A quick search will yield thousands of articles filled with best practices for boosting your conversion rates. On sites where the average price point per product is higher, these often include adding features specifically for high-consideration like “Email Cart” capabilities.

At ROI Revolution, we believe in testing, testing, testing. Brands sell different products, using different pitches, and relying on different platforms. What works for one site does not always work for another – so test it!

In this week’s Try This Test installment, we’ll take a look at a site that sells higher price point products, provides a wide range of brand-name furniture pieces and sets with white-glove home delivery. 

Situation

The higher price point of furniture products, combined with the anxiety that a physically large, style-related purchase can trigger, naturally leads to a longer buying cycle.

We had a concern that users were using the shopping cart as an on-site comparison tool, and then leaving the site to do further price comparisons on the web. Potential customers were either abandoning the site, or upon return may have had to rebuild their cart.

Hypothesis

Adding a prominent “Email Cart” button to the cart preview modal will increase usage of this feature, which will increase stickiness of the website brand, provide a purchase reminder on a different platform (email inbox), and decrease general friction when/if the user decides to return to the site and purchase

Treatments

After adding a product to the shopping cart, the on-page cart preview modal is displayed. The original cart preview had no functionality for using the already-existing cart emailing feature.

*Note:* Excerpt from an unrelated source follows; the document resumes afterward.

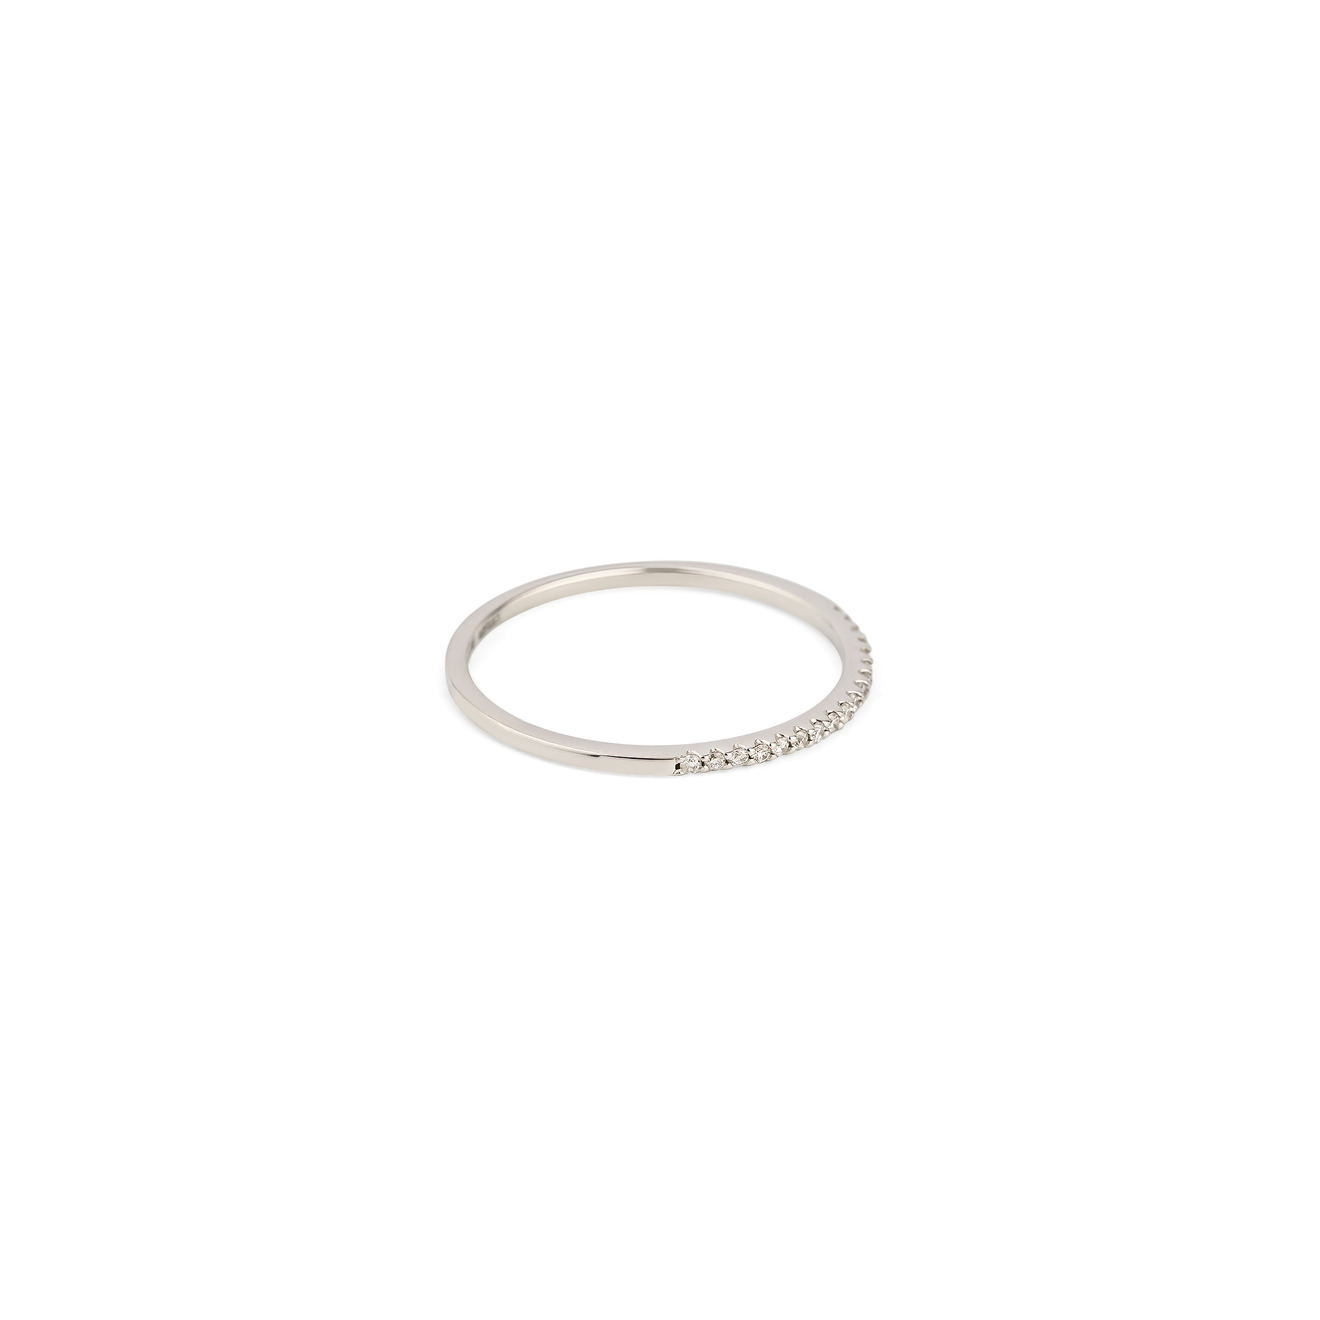 Moonka Кольцо-дорожка из золота с бриллиантами moonka золотое кольцо дуга с опалом и бриллиантами из коллекции opalescence

Because the cart preview serves as the primary shopping cart for most customers, we focused here rather than the standard shopping cart page. A simple “EMAIL CART” button was added below the standard cart and checkout buttons.

Control:

screenshot of checkout page as it originally appeared

Variation 1:

screenshot of checkout page with prominent email cart button

Variation 2:

screenshot of checkout page with subdued email cart button

Results

Variation 2, featuring the more subdued “EMAIL CART” button, had the best performance, with a 19.12% lift in conversion rate at a 93.8% confidence level.

Try It Yourselfgreen arrow pointing up with blue text saying 19.12% conversion rate increase

Do you provide high-value products that naturally have longer buying cycles? If so, you run the risk of losing mindshare as the buyer performs comparison shopping across the web.

To increase stickiness and ultimately increase conversion rates, try testing an “email cart” feature on your site.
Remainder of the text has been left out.